Panel grants pollution waiver for Ill. coal plants

Illinois panel grants Dynegy pollution waiver for 5 coal plants it's acquiring from Ameren

CHICAGO (AP) -- The Illinois Pollution Control Board agreed Thursday to give a Texas company extra time to install pollution controls at five Illinois coal-fired power plants, saying it would be an economic hardship for the company to do it sooner.

The panel voted 3-1 to grant a pollution-control waiver to Houston-based Dynegy Inc., which still must acquire the plants from Ameren Corp., but said it would be several hours before the opinion was available to the public. Chairwoman Deanna Glosser cast the only dissenting vote, saying she did not believe the company demonstrated an economic hardship.

Environmental groups opposed the waiver, saying the delay would hurt public health and the Dynegy knew the pollution controls were needed when it agreed to acquire the plants.

"Delaying these protections ... comes at a high cost to Illinois families and communities," said Andrew Armstrong, a staff attorney with the Environmental Law & Policy Center.

Dynegy had said acquiring the plants from St. Louis-based Ameren, a company so eager to shed them that it's essentially giving them away, would provide the best future for the plants, their employees and surrounding communities.
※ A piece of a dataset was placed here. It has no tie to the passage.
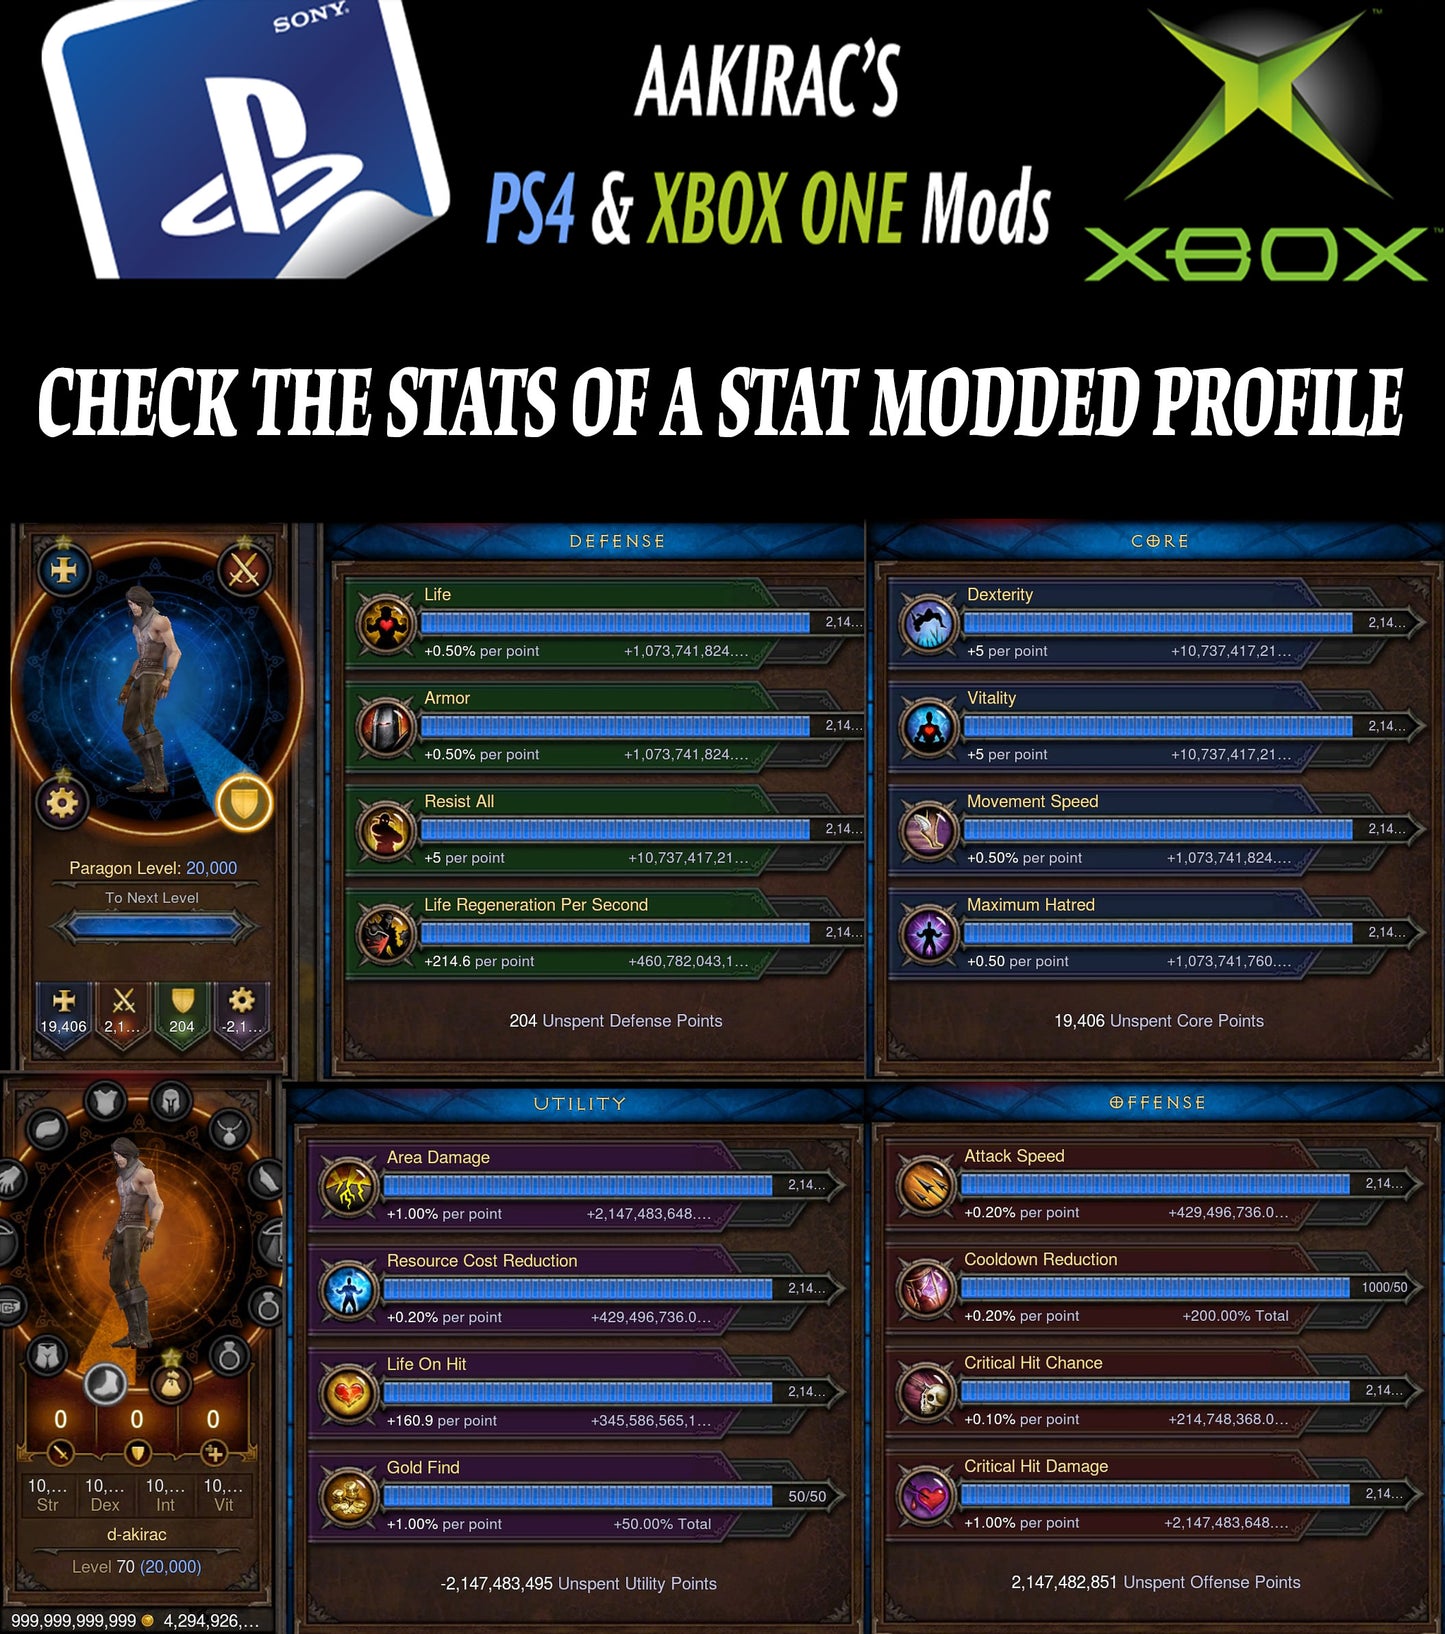 14x EXTREME Stat Modded Characters + Necromancer Stat Mod Diablo 3 Mods ROS Seasonal and Non Seasonal Save Mod - Modded Items and Gear - Hacks - Cheats - Trainers for Playstation 4 - Playstation 5 - Nintendo Switch - Xbox One

But the company said it wanted the same kind of waiver that Ameren had received from the state — delaying installation of required soot-control upgrades until 2020 — or the deal could be off.

Spokespeople from Ameren and Dynegy said the companies would not comment until they review the text of the order.

Ameren got the original waiver after claiming a financial hardship that could force it to close some of its plants and cut hundreds of jobs. Dynegy has said the same conditions exist if it acquires the plants, including lower electricity prices driven, in part, by competition from natural gas-fired plants.

Several hundred people are employed at Ameren's five plants — Duck Creek in the Fulton County town of Canton, E.D. Edwards in Peoria County's Bartonville, Coffeen in Montgomery County, Newton in Jasper County, and Joppa in Massac County. The five contribute more than $1 billion to the economy, the companies have said, and local officials have led a campaign to back Dynegy's waiver request.

The Pollution Control Board said Ameren's E.D. Edwards plant should be retired as soon as possible. Any closures first must be approved by the region's grid operated, the Carmel, Ind.-based not-for-profit Midwest Independent Transmission System Operator.

That's because coal plants still are essential to keeping the lights on in Illinois and elsewhere, generating 48 percent of power sent to the electric grid in a 15-state region that includes Illinois, MISO officials have said.